The failure to replicate genetic association findings is most commonly believed to be attributable to insufficient statistical power, population stratification, or various forms of between-study heterogeneity or environmental influences. Here, we illustrate another potential cause for non-replications that has so far not received much attention in the literature. We illustrate that the strength of a genetic effect can vary by age and that this phenomenon can cause “age-varying associations”. As we show by example, if not taken into account during the design and the analysis of the study, age-varying genetic associations can be the reason for non-replication. Using the 100K SNP scan of the Framingham Heart Study (FHS), we identify an age-varying association between a SNP in ROBO1 and obesity. Based on the data from the FHS, we hypothesized that there is an age-gene interaction. This finding was followed-up in eight independent samples comprised of 13,584 individuals.
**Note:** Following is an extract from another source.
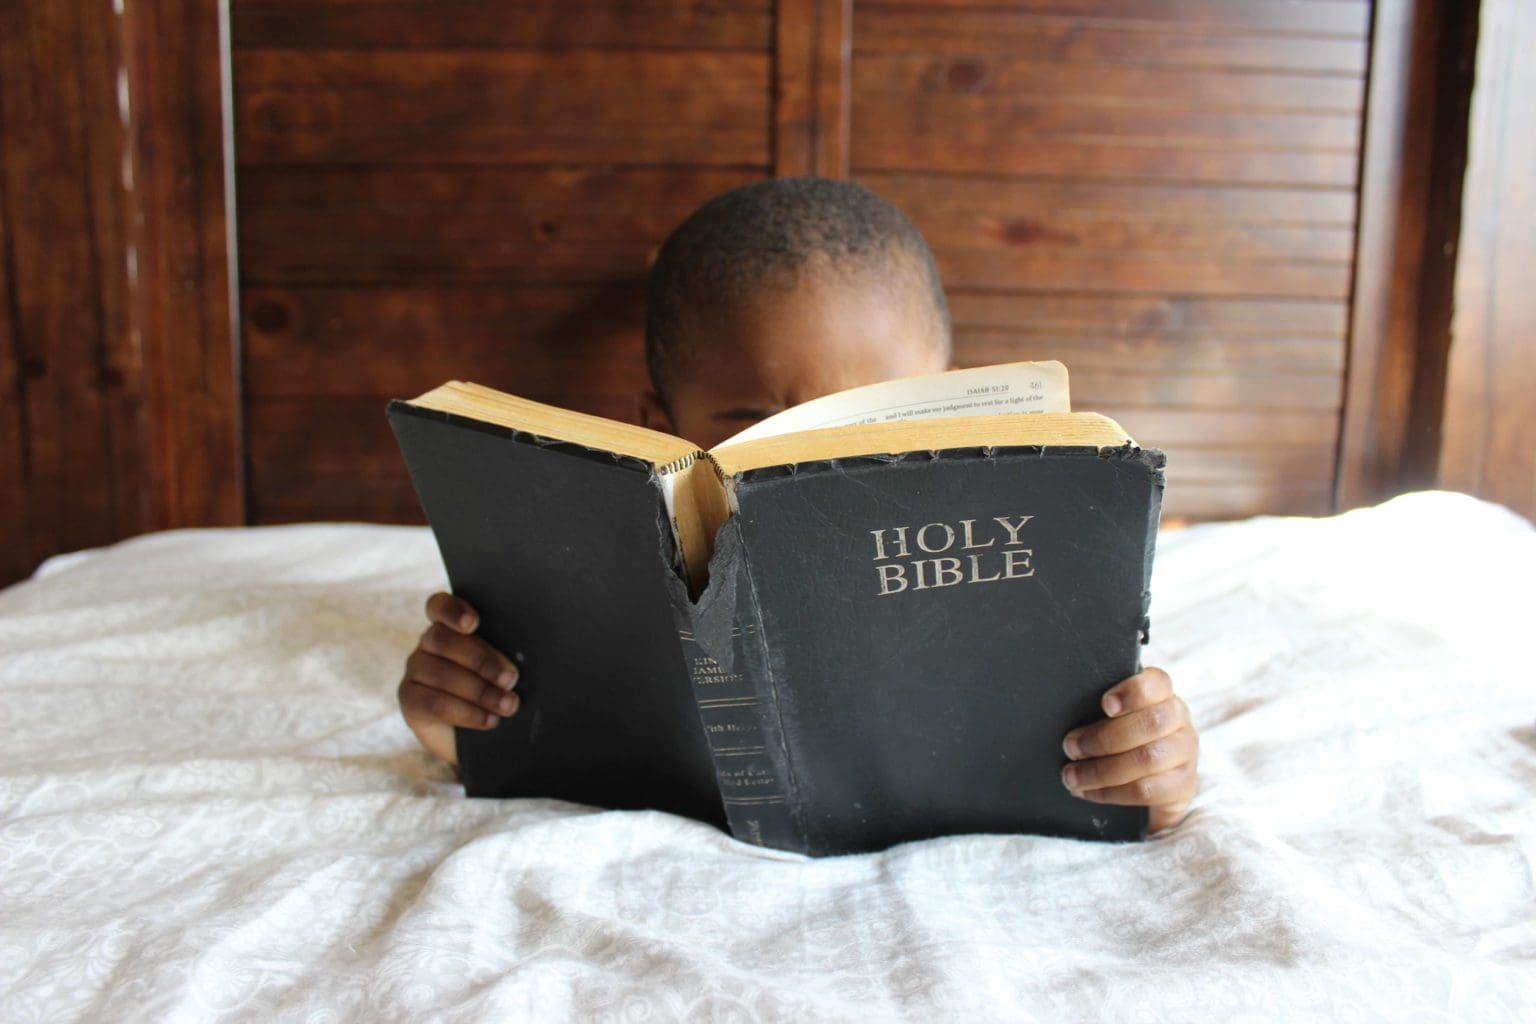 Sharing the Gospel with Your Child
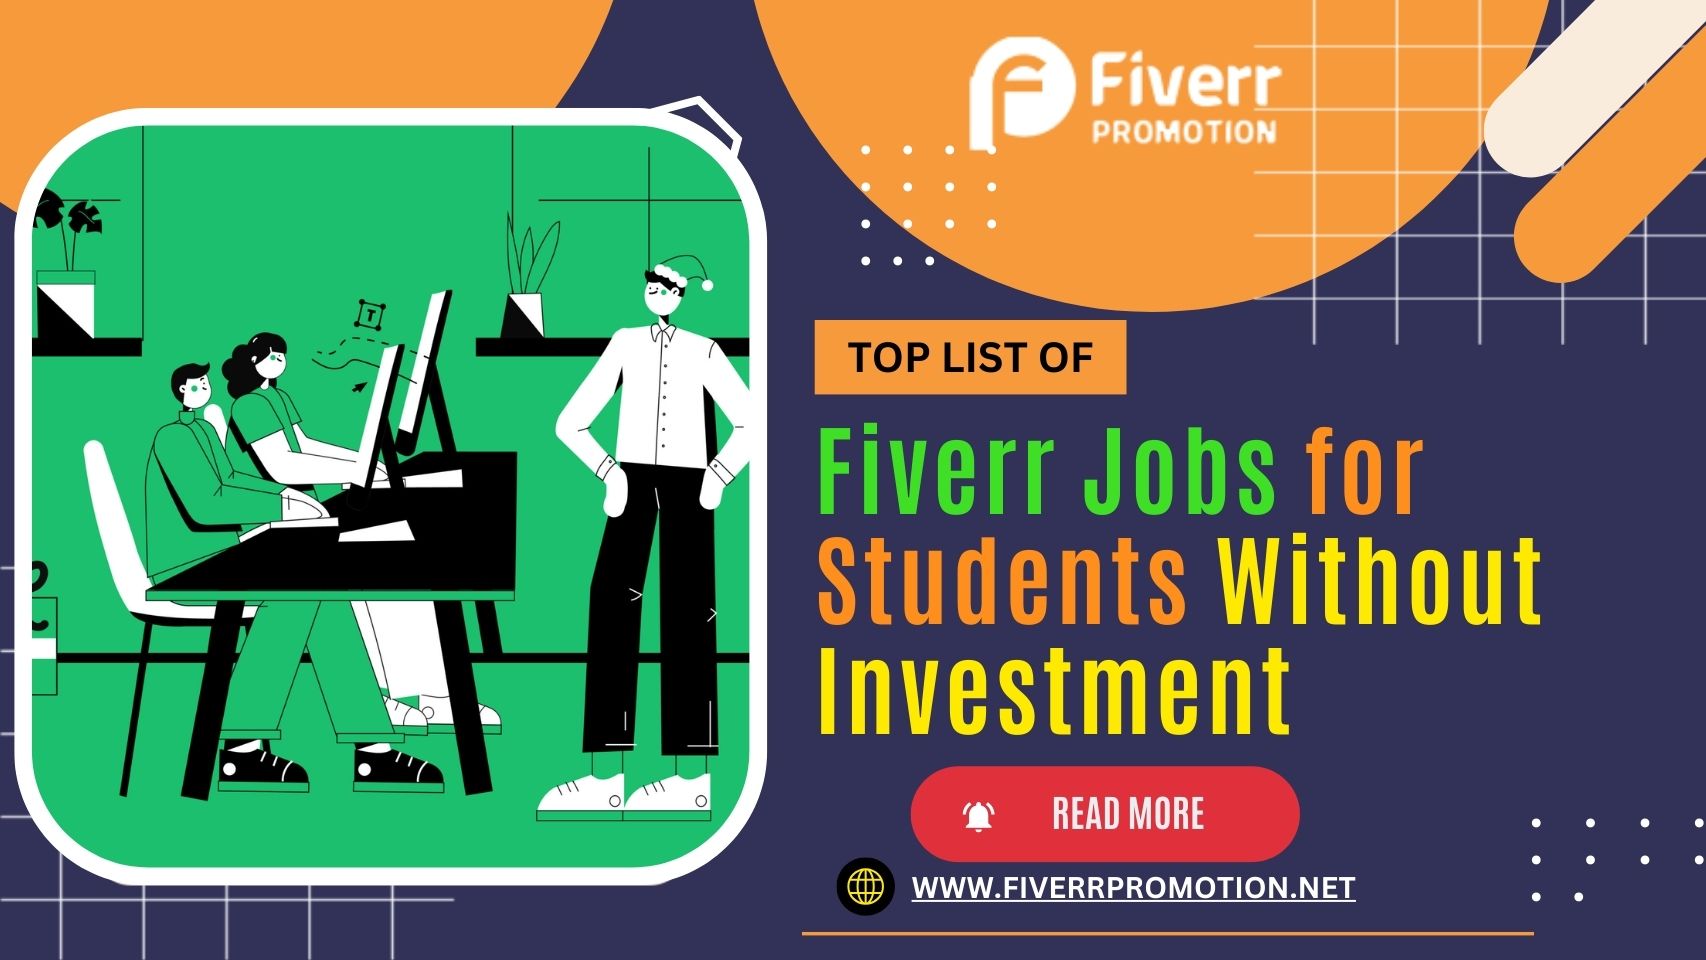 Top List of Fiverr Jobs for Students Without Investment

The association replicates in five of the eight studies, showing an age-dependent relationship (one-sided combined p = 3.92x10^-9, combined p-value from pediatric cohorts = 2.21x10-8, combined p-value from adult cohorts = 0.00422). Furthermore, this study illustrates that it will be difficult for cross-sectional study designs to detect age-varying associations. If the specifics of age/time-varying genetic effects are not considered in the selection of both the follow-up samples and in the statistical analysis, important genetic associations may be missed.

About the Presenter

Dr. Lasky Su is an Instructor in Medicine at Brigham and Women's Hospital. She has co-authored a number of publications on genetic association studies primarily focusing on family-based association testing. Dr. Lasky Su has also contributed several novel family-based methods implemented in the PBAT statistical package.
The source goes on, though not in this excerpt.